═════ The data

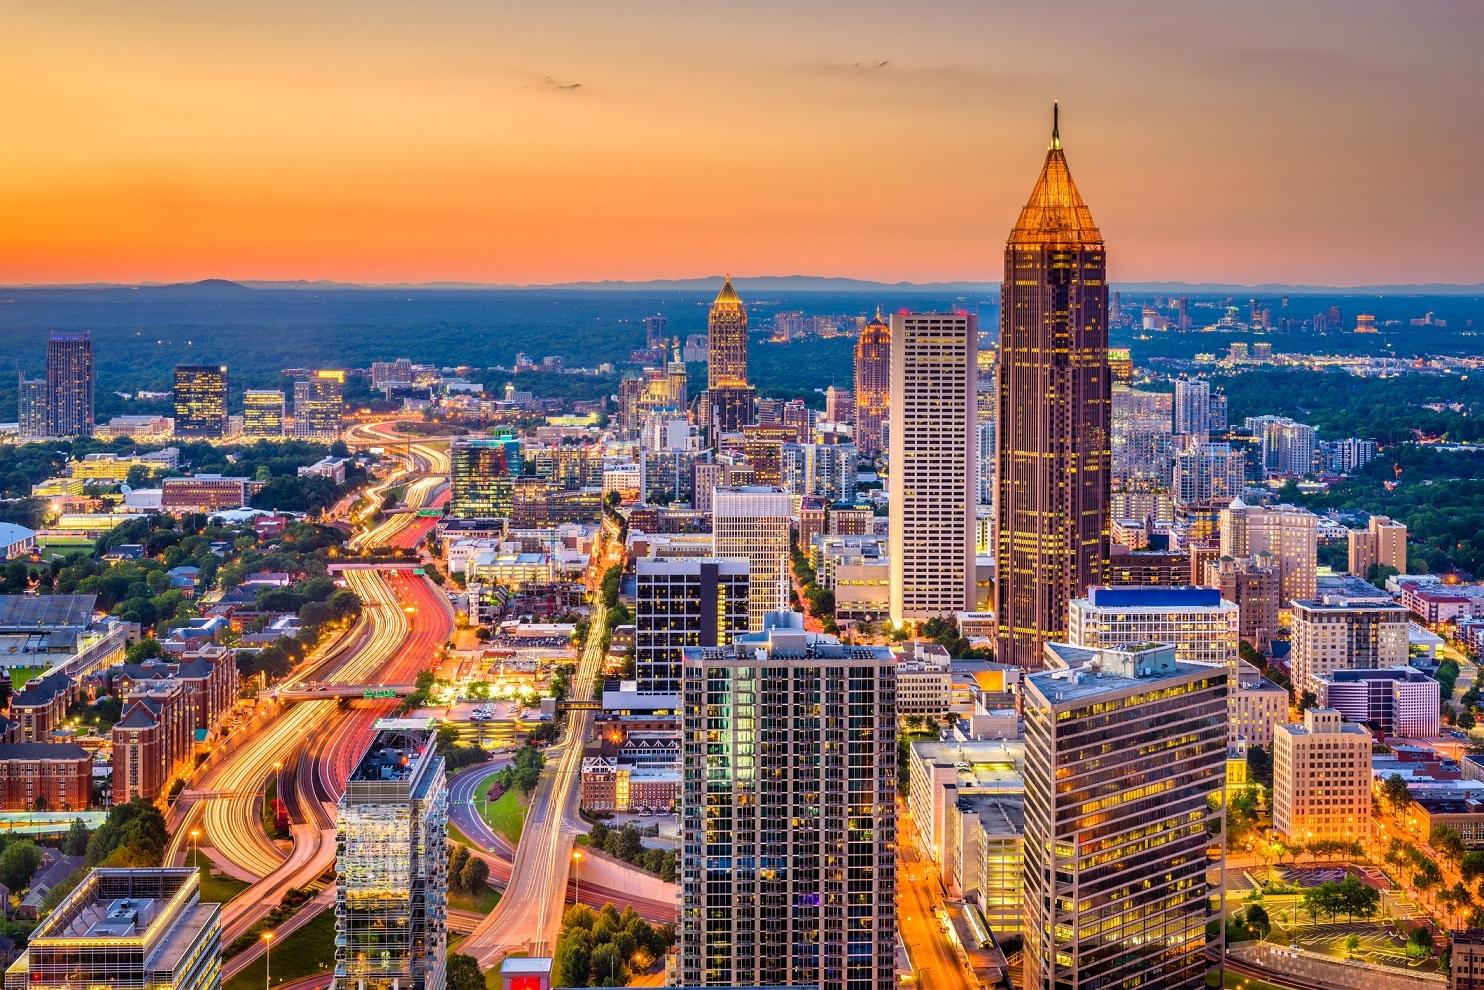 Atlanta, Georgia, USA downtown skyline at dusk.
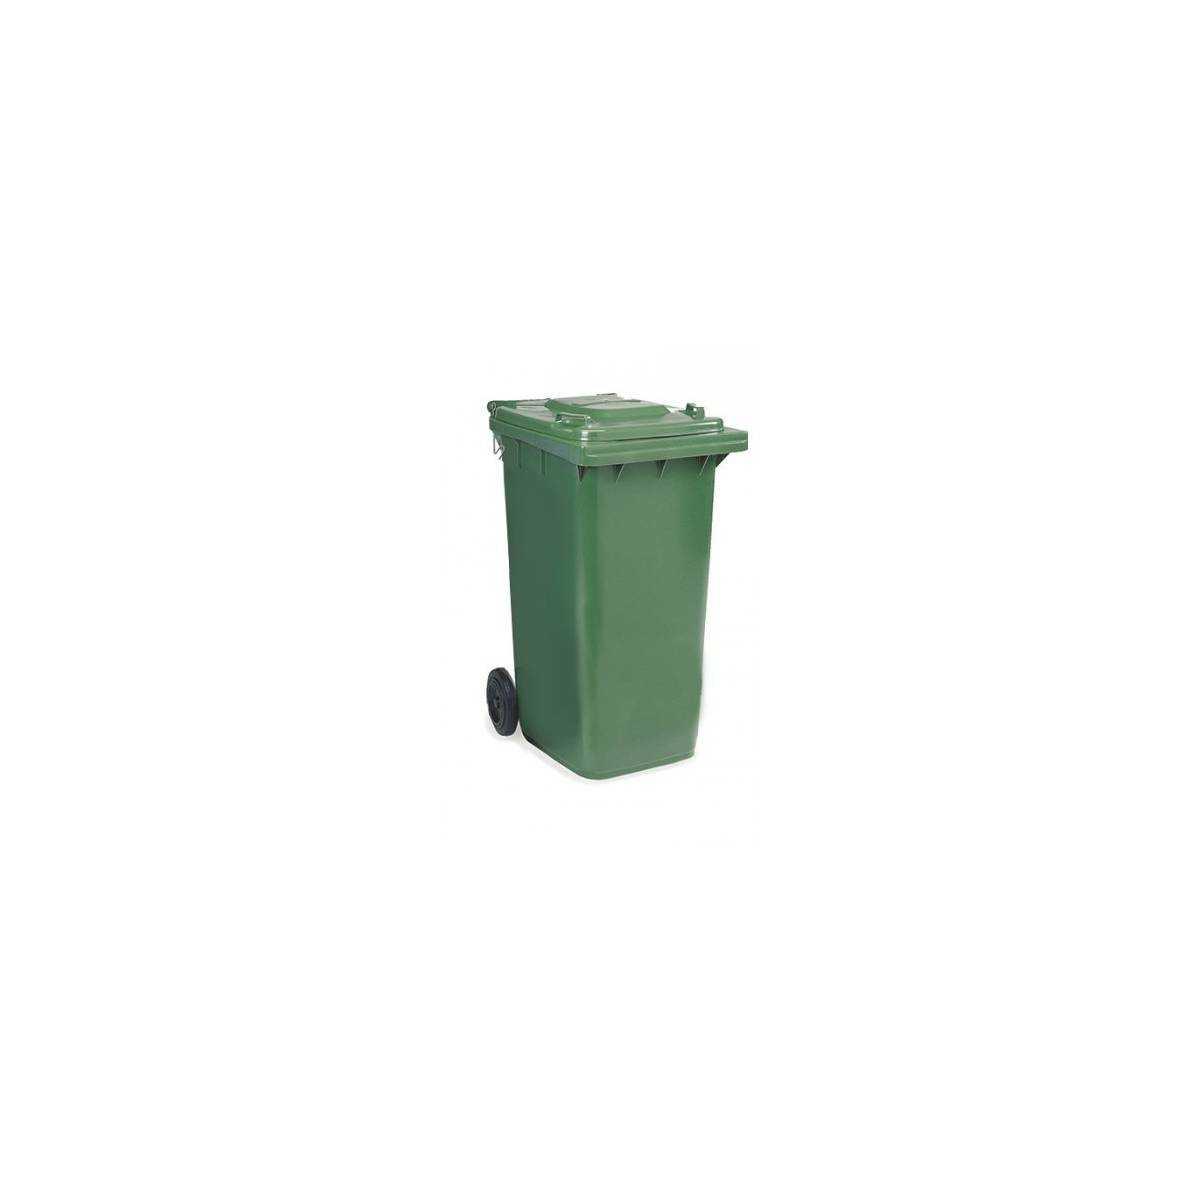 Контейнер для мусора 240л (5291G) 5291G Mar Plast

══════════
═════ The data

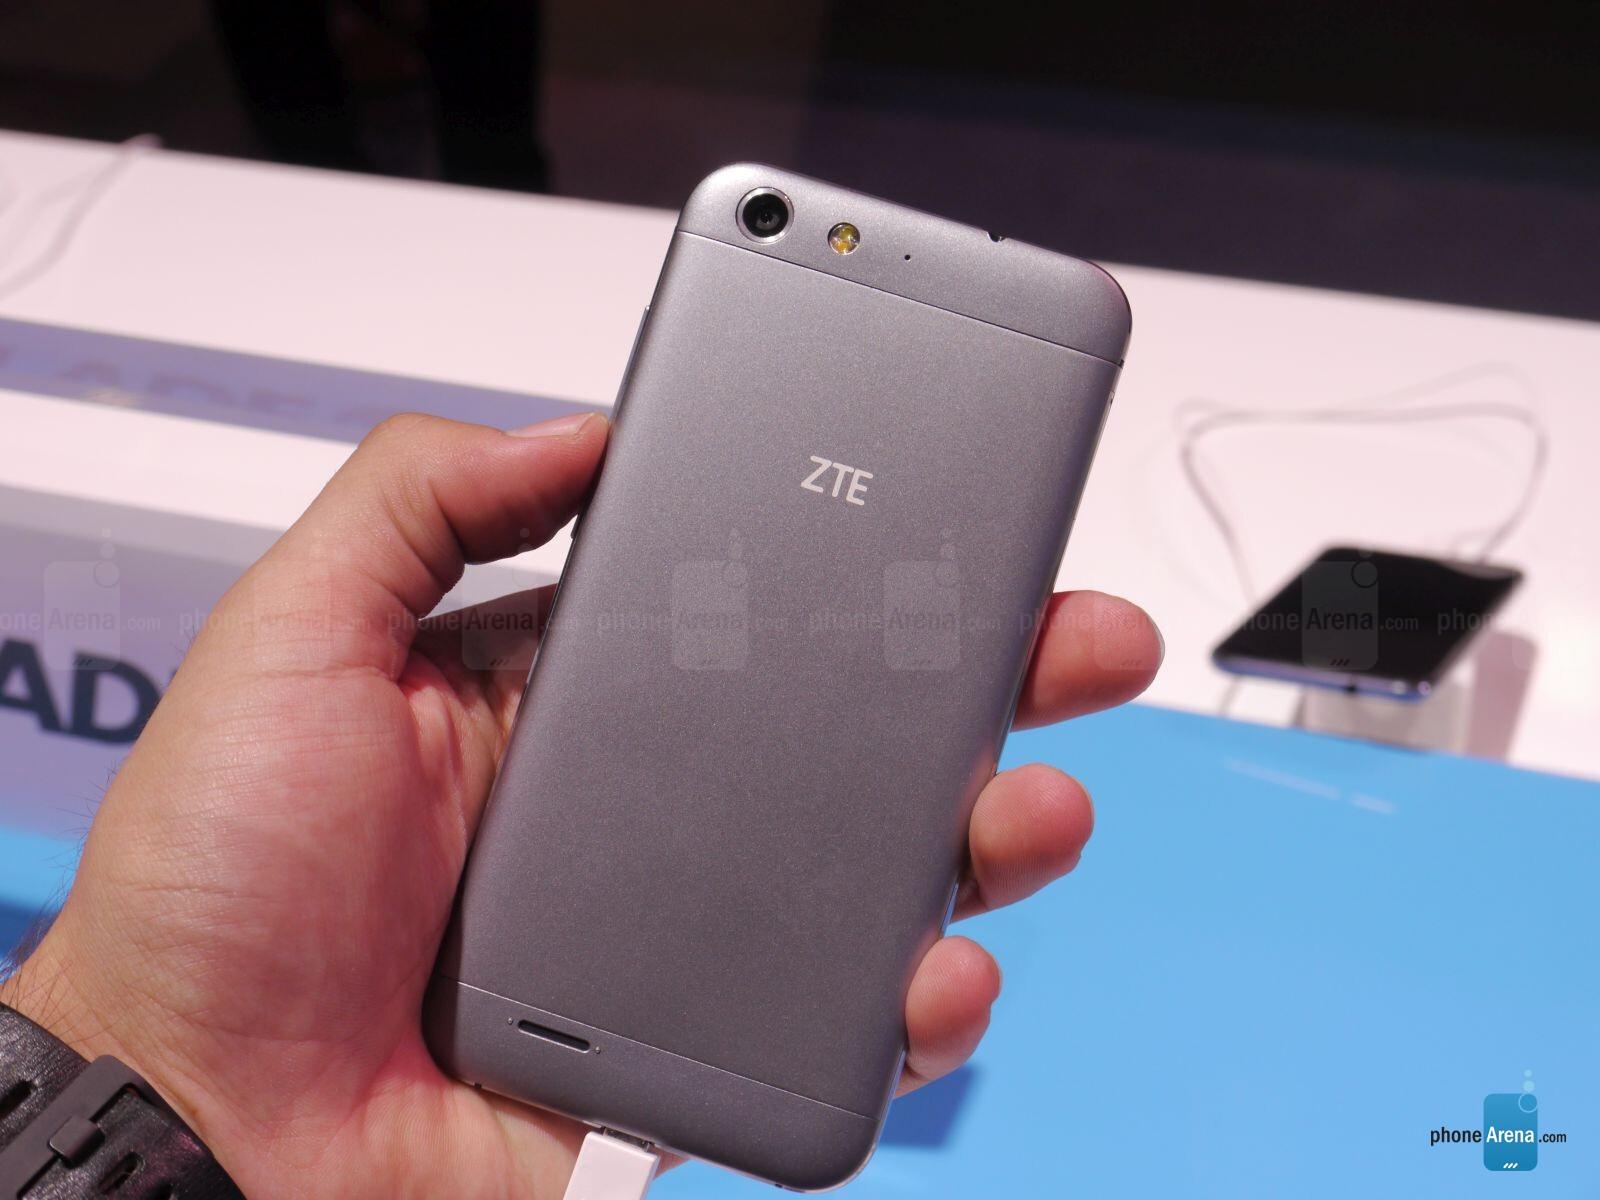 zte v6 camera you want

══════════
═════ The data

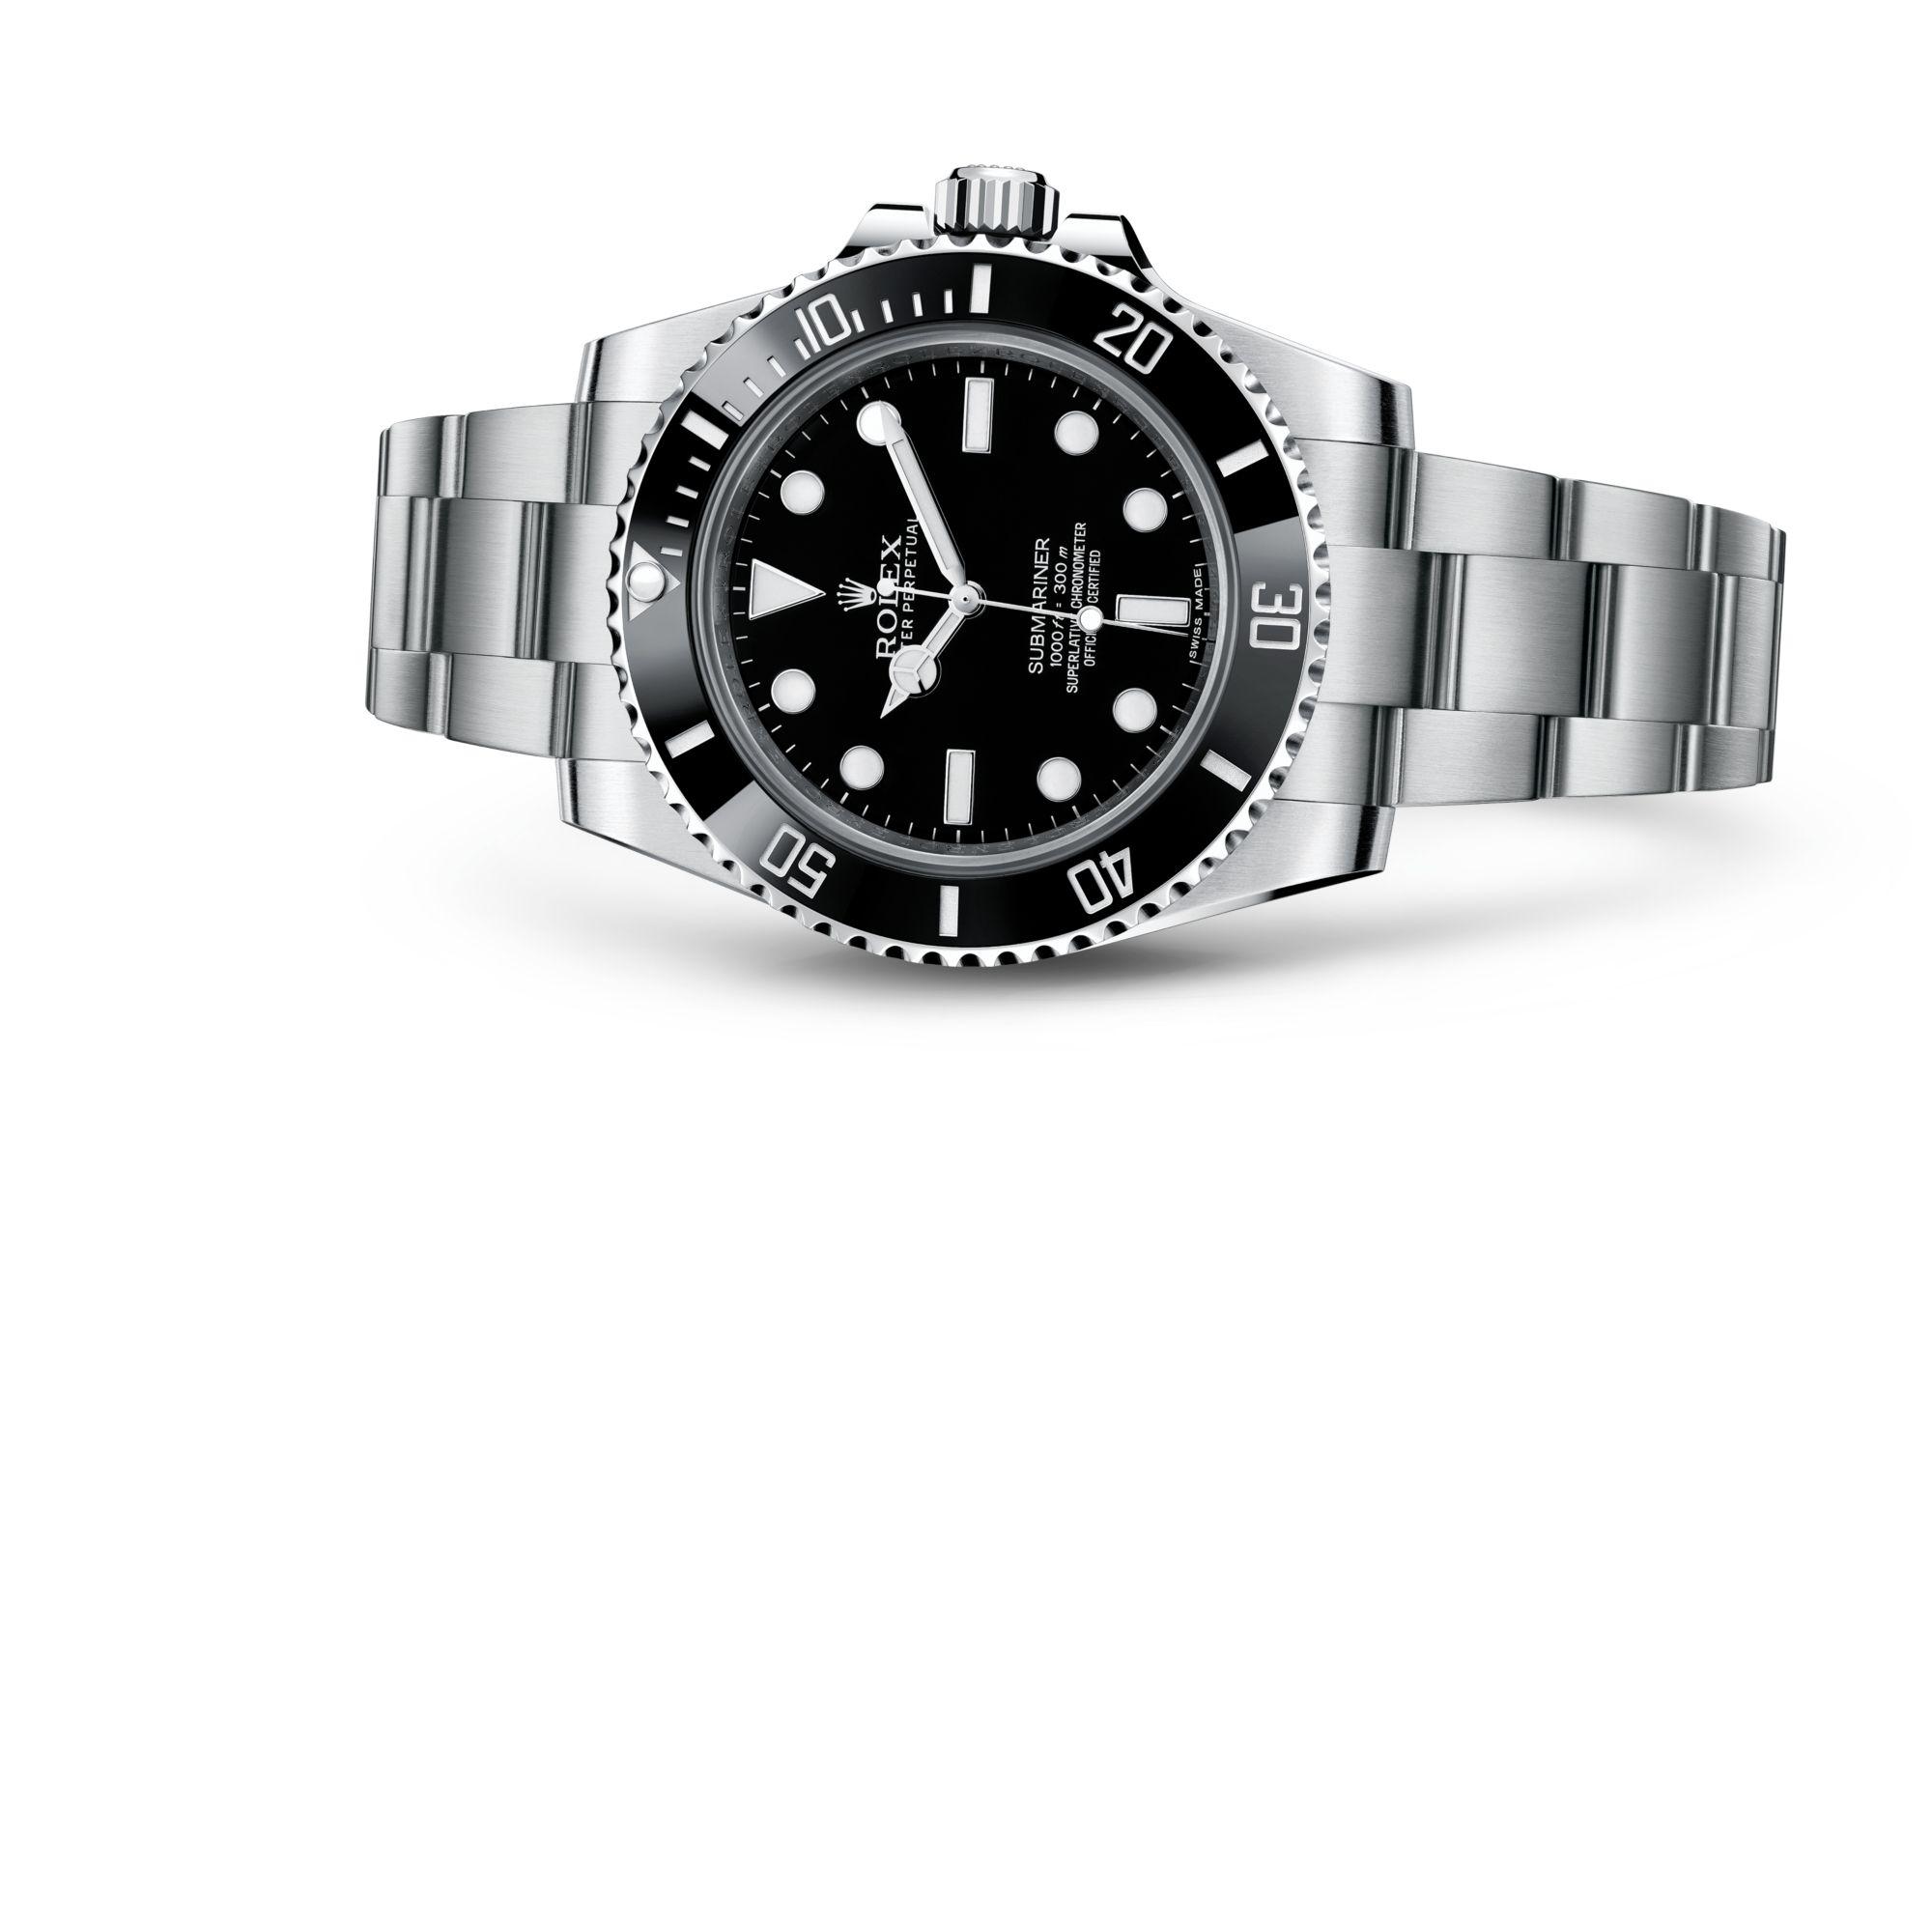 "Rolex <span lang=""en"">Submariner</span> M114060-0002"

══════════

[Task directions]
Only the lines between the one with "Atlanta, Georgia, USA" and the one with "Контейнер для мусора", those two included, get copied from the material above. Keep it exact and free of pictures.

[Exercise answer]
 Atlanta, Georgia, USA downtown skyline at dusk.
 Контейнер для мусора 240л (5291G) 5291G Mar Plast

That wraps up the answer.